No rastro das aves

Tordo-do-bosque macho com seus filhotes (no alto) e fêmea de andorinha-azul (abaixo), ambos com um geolocalizador preso às costas (fotos: Elizabeth Gow/ Tim Morton).

Pela primeira vez, pesquisadores conseguem rastrear toda a viagem migratória de pássaros canoros que saem do Hemisfério Norte em direção ao sul antes do inverno. Esse trabalho era dificultado porque os animais são pequenos demais para serem rastreados por satélites e a obtenção de dados de seus movimentos se limitava a capturas isoladas e imagens de radar. O feito, realizado por um grupo canadense, só foi possível graças ao uso de um pequeno equipamento de localização preso nas aves.

Em 2007, a equipe, liderada pela bióloga Bridget Stutchbury, da Faculdade de Ciência e Engenharia da Universidade de York, no Canadá, prendeu pequenos aparelhos geolocalizadores nas costas de 14 tordos-do-bosque (Hylocichla mustelina) e 20 andorinhas-azuis (Progne subis), originários do estado da Pensilvânia (EUA). 

No verão de 2008, os pesquisadores conseguiram recuperar os aparelhos de cinco tordos e duas andorinhas. Eles então reconstituíram a viagem dos pássaros e descobriram seu local de permanência durante o inverno. Os resultados foram publicados na revista Science desta semana.

Os geolocalizadores, que têm o tamanho aproximado de uma moeda de dez centavos, detectam a claridade e, assim, permitem aos pesquisadores estimar a latitude e a longitude das aves no momento do nascer e do pôr do sol. Os dispositivos foram colocados nas costas e presos por pequenas tiras nas patas dos animais. O peso do equipamento incidia sobre a base da coluna dos pássaros, de modo a não interferir no voo.

Mais velozes
Os dados obtidos revelam que o desempenho dessas espécies era até então subestimado pelos pesquisadores: elas são capazes de percorrer distâncias muito maiores e voar mais rápido. Essas aves podem voar até 500 quilômetros por dia, três vezes mais do que estimativas anteriores. Além disso, na primavera, quando retornam ao Hemisfério Norte, os pássaros são capazes de voar de duas a seis vezes mais rápido do que no outono.

“No outono, uma andorinha demora cerca de 40 dias para viajar até o Brasil, mas demora apenas 15 dias para viajar de volta na primavera”, diz Stutchbury. “Ficamos espantados, pois acreditávamos que, para ela chegar de volta a sua casa em meados de abril, ela precisaria deixar o Brasil com muita antecedência.”

Voo com escalas

A bióloga Bridget Stutchbury libera uma andorinha-azul. Com os dados coletados, os pesquisadores conseguiram reproduzir a rota de migração desses animais durante o inverno no Hemisfério Norte (foto: John Tautin).

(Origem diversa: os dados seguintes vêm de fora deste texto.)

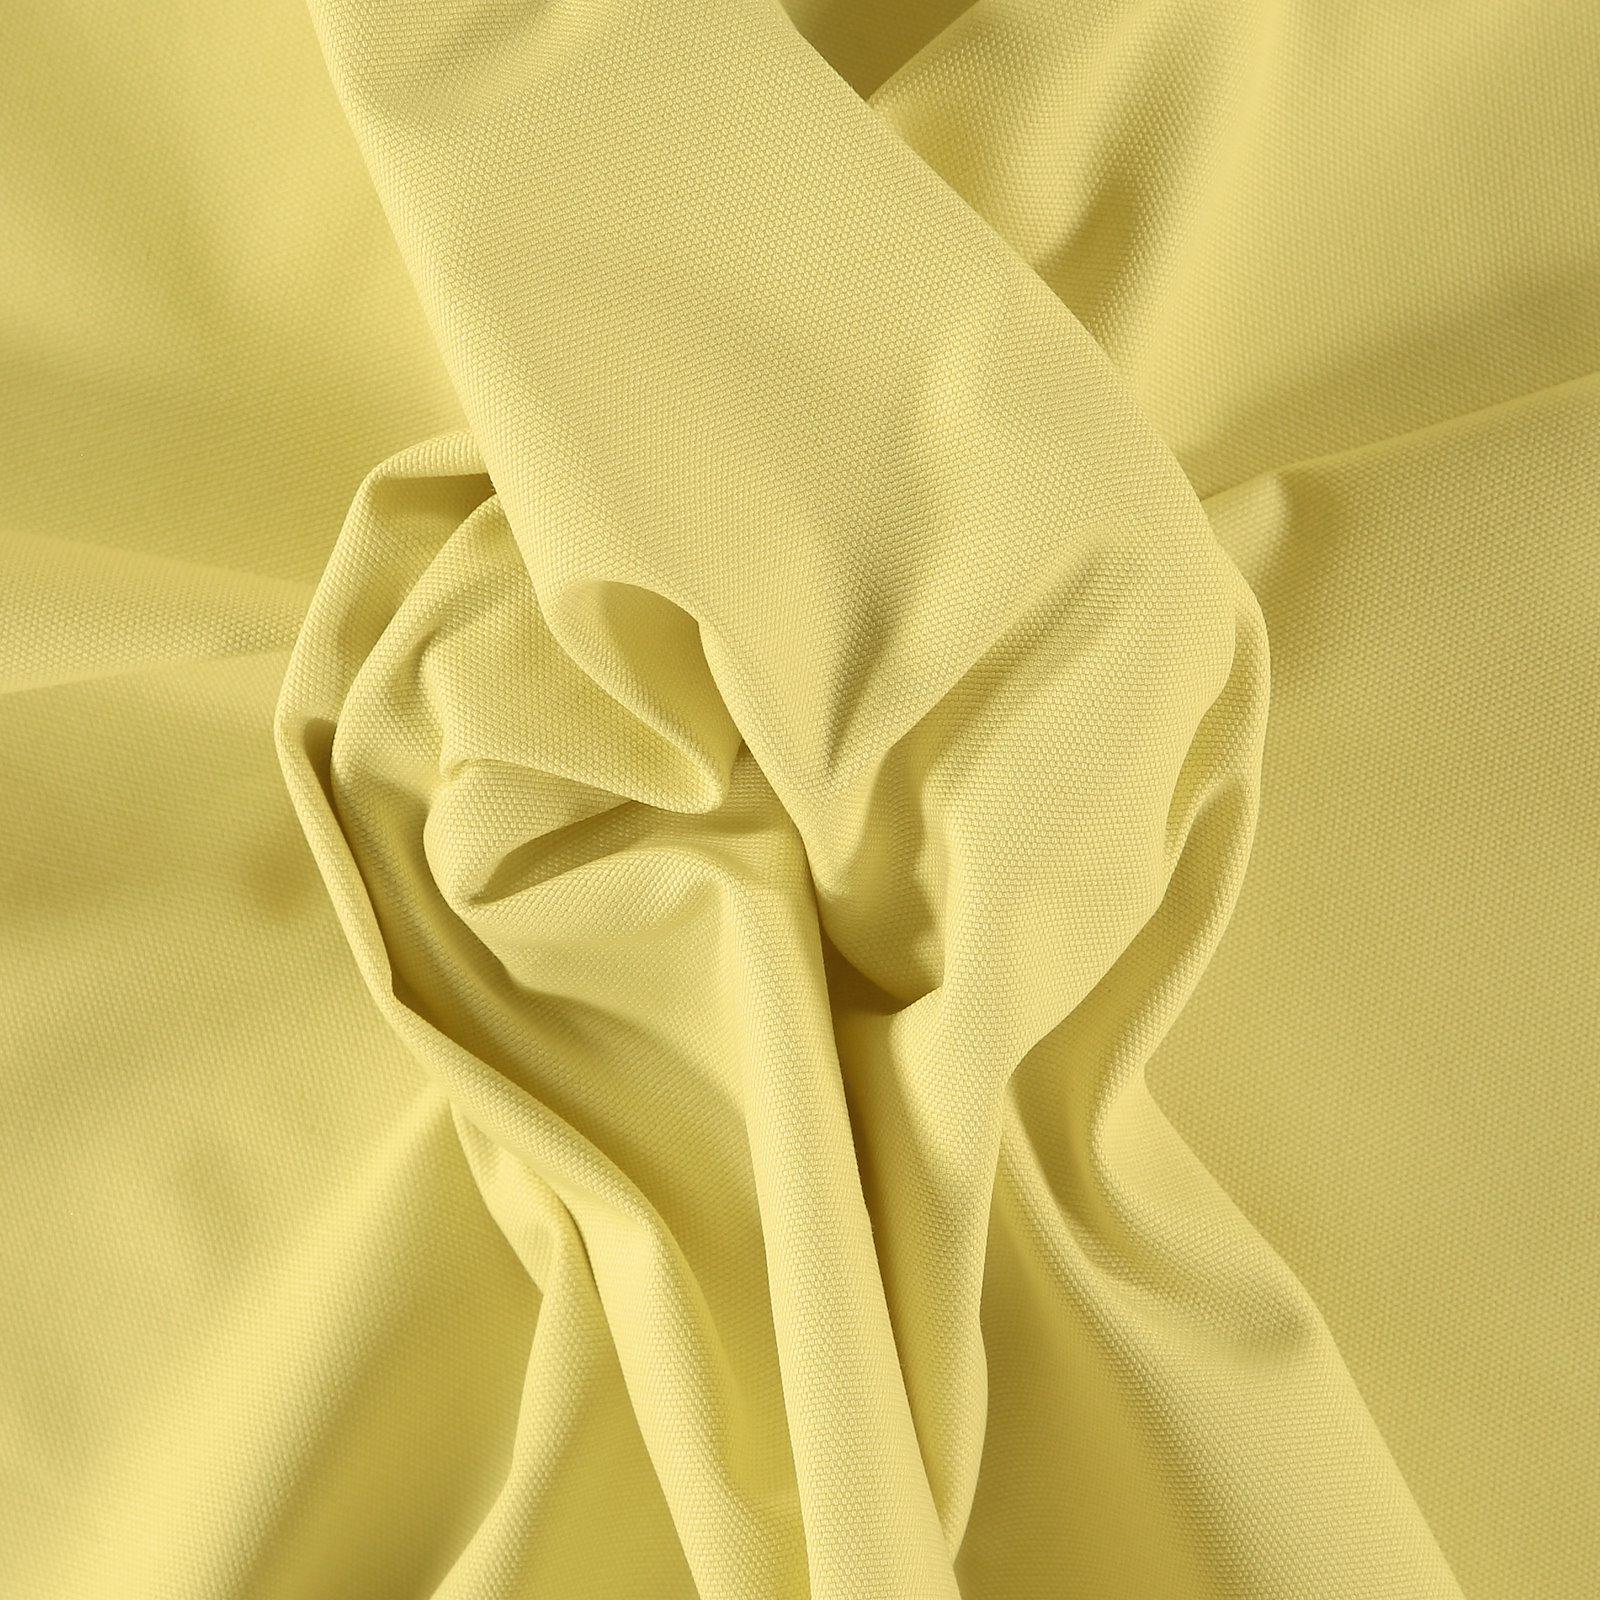 Cotton canvas light lemon 780480_pack

Segundo Stutchbury, as viagens no outono são mais demoradas porque os animais costumam realizar paradas mais longas. Com base nas estimativas, as andorinhas permaneceram de três a quatro semanas na Península de Yucatán, no México, antes de seguirem para o Brasil. Enquanto isso, os tordos ficaram duas semanas na região sudeste dos Estados Unidos, antes de atravessarem o Golfo do México rumo a Yucatán.

O estudo revelou ainda que a população de tordos-do-bosque não se separa durante toda a migração. Ao chegar ao destino final, os cinco animais analisados permaneceram dentro da mesma área, na parte leste de Honduras e Nicarágua. “Essa é uma região muito importante para os tordos, que tiveram sua população reduzida em 30% desde a década de 1960”, afirma Stutchbury. E alerta: “A população de pássaros canoros tem diminuído muito em todo o mundo nos últimos 40 anos.”

A bióloga destaca a importância da pesquisa não apenas para proteger espécies ameaçadas de extinção, mas também alertar para a necessidade de preservação dos ambientes tropicais. “Até agora, estávamos limitados, pois não sabíamos para onde essas aves iam; elas apenas desapareciam e retornavam na primavera”, comenta. “Seguir os pássaros até o local onde passam o inverno pode ser uma forma de prever o impacto da perda do hábitat tropical e das mudanças climáticas para essas espécies.”